Table 2 presents descriptive statistics for the individual items. The mean intensity score for items ranged from a low of 0.02 for hitting/scratching/biting, sweaty/clammy skin, and rapid breathing to a high of 1.43 for rigid or stiff body or body part. The mean frequency ranged from 0.01 for rapid breathing to 1.89 for rigid/stiff body or body part.

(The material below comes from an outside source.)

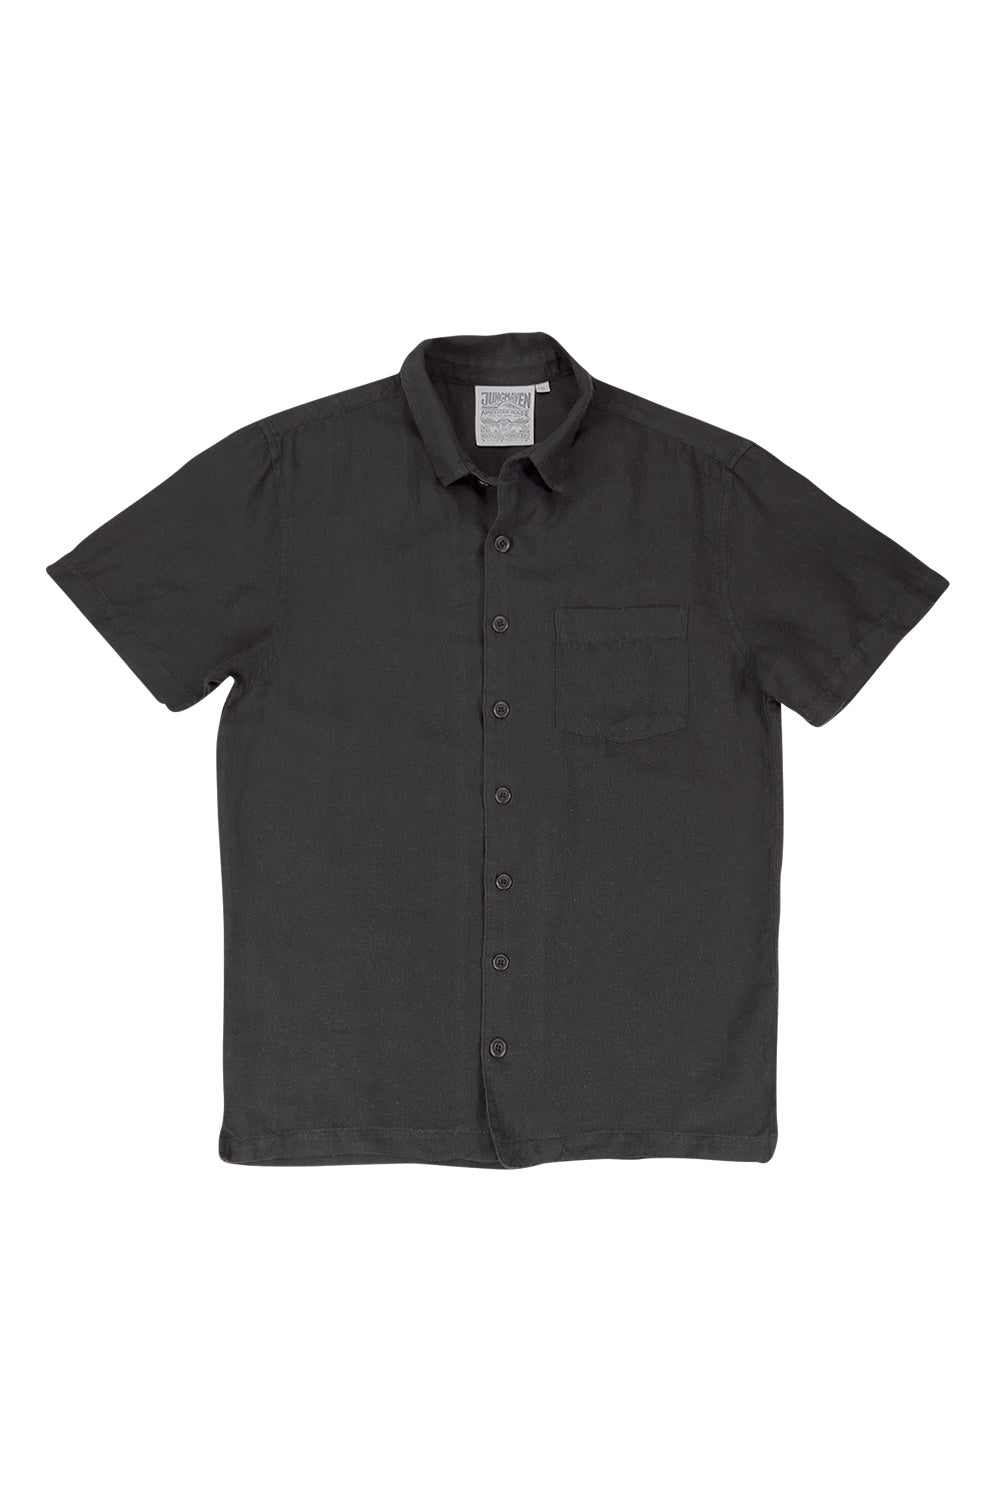 Tornado Shirt | Jungmaven Hemp Clothing & Accessories / Color: Black

Several items had very few nonzero values; rapid breathing and sweating/clammy skin had one nonzero subject each, and hitting and scratching had two nonzero subjects. Two items, limping and pacing, could not be evaluated in many participants because the participants were not observed while walking or were not mobile. Only 41 and 52 cases (out of 95) could be scored on the limping and pacing items, respectively.

Table 2.

Descriptive statistics for PIMD items*

Intensity
 Frequency
PIMD Item N§ N > 0 Mean ± SD (Range) Mean ± SD (Range)
Agitated 95 19 0.36±0.78 (0–3) 0.35±0.77 (0–3)

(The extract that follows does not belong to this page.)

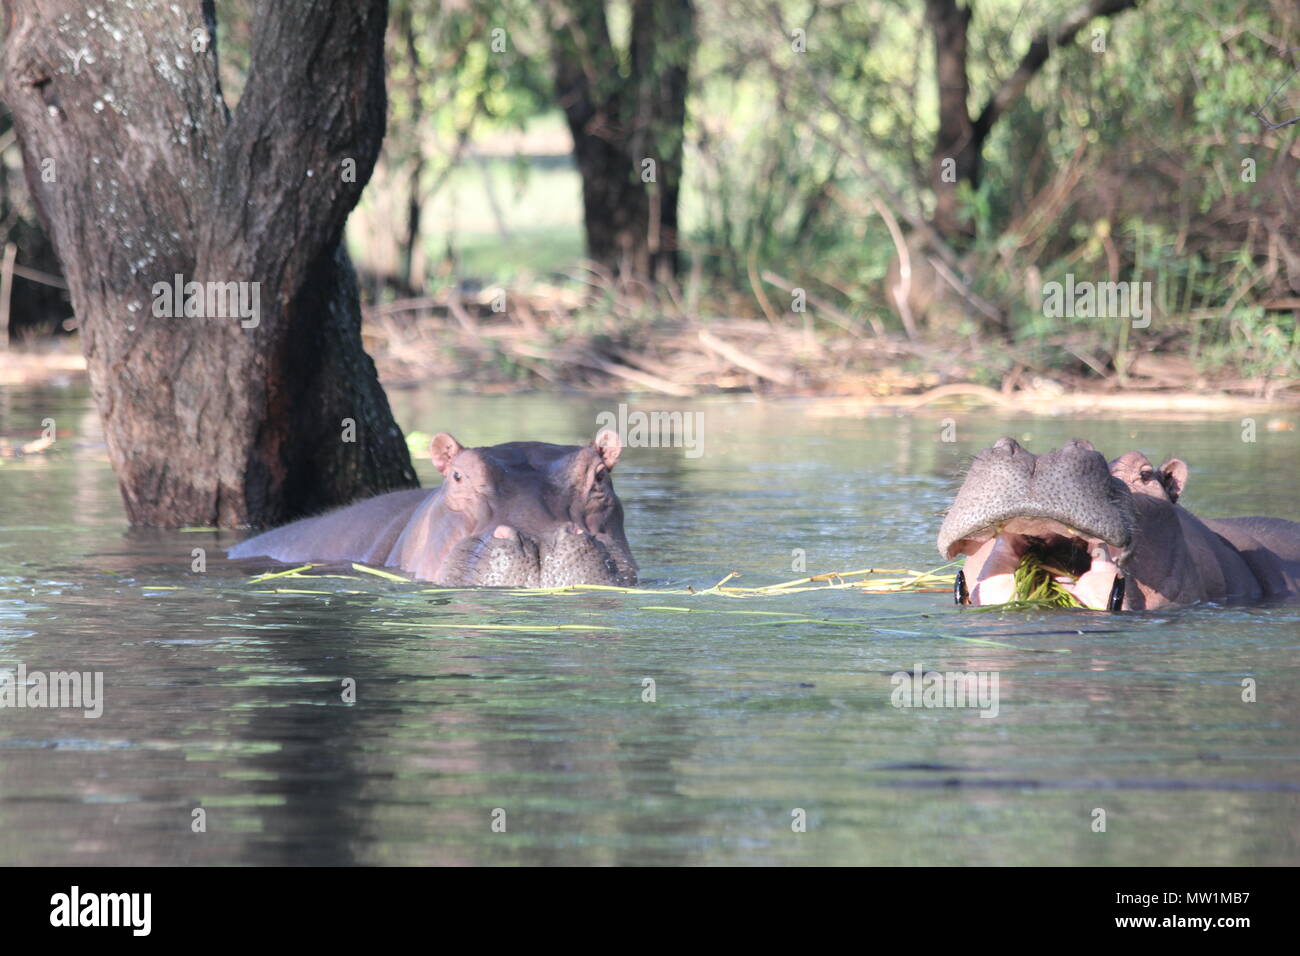 Hippopotamus eating hay in the water Stock Photo

Restlessness 95 13 0.22±0.60 (0–3) 0.29±0.80 (0–3)
Hitting, scratching, biting 95 2 0.02±0.14 (0–1) 0.03±0.23 (0–2)
Irritable, cranky 95 9 0.15±0.50 (0–3) 0.14±0.48 (0–3)
Thrashing 95 2 0.03±0.23 (0–2) 0.04±0.29 (0–2)
Pacing 52 6 0.21±0.67 (0–3) 0.21±0.67 (0–3)
Resisting movement 95 6 0.08±0.35 (0–2) 0.08±0.35 (0–2)
Pulling away 95 5 0.08±0.40 (0–3) 0.06±0.28 (0–2)
Resisting care 95 5 0.07±0.33 (0–2) 0.07±0.33 (0–2)
Rubbing or massaging 95 10 0.16±0.49 (0–2) 0.20±0.61 (0–3)
Guarding 95 7 0.11±0.40 (0–2) 0.12±0.46 (0–3)
Bracing 94 16 0.33±0.77 (0–3) 0.36±0.87 (0–3)
Limping 41 7 0.27±0.67 (0–3) 0.32±0.79 (0–3)
Rigid/stiff 95 72 1.43±1.02 (0–3) 1.89±1.26 (0–3)
Fetal position 95 4 0.08±0.40 (0–2) 0.11±0.52 (0–3)
Move slowly or stiffly 95 66 1.08±0.91 (0–3) 1.35±1.14 (0–3)
Groaning/moaning/grunting 95 22 0.34±0.68 (0–3) 0.32±0.66 (0–3)
Sighing 95 10 0.16±0.49 (0–2) 0.12±0.35 (0–2)
Repeated calling out 95 4 0.06±0.32 (0–2) 0.06±0.32 (0–2)
Protesting 95 19 0.37±0.81 (0–3) 0.29±0.67 (0–3)
Whining 95 4 0.08±0.40 (0–2) 0.06±0.32 (0–2)
Complaining 95 34 0.52±0.78 (0–3) 0.51±0.78 (0–3)
Screaming 94 4 0.07±0.37 (0–2) 0.06±0.32 (0–2)
Rapid breathing 95 1 0.02±0.21 (0–2) 0.01±0.10 (0–1)
Labored breathing 95 7 0.12±0.43 (0–2) 0.11±0.40 (0–2)
Sweating, clammy 95 1 0.02±0.21 (0–2) 0.02±0.21 (0–2)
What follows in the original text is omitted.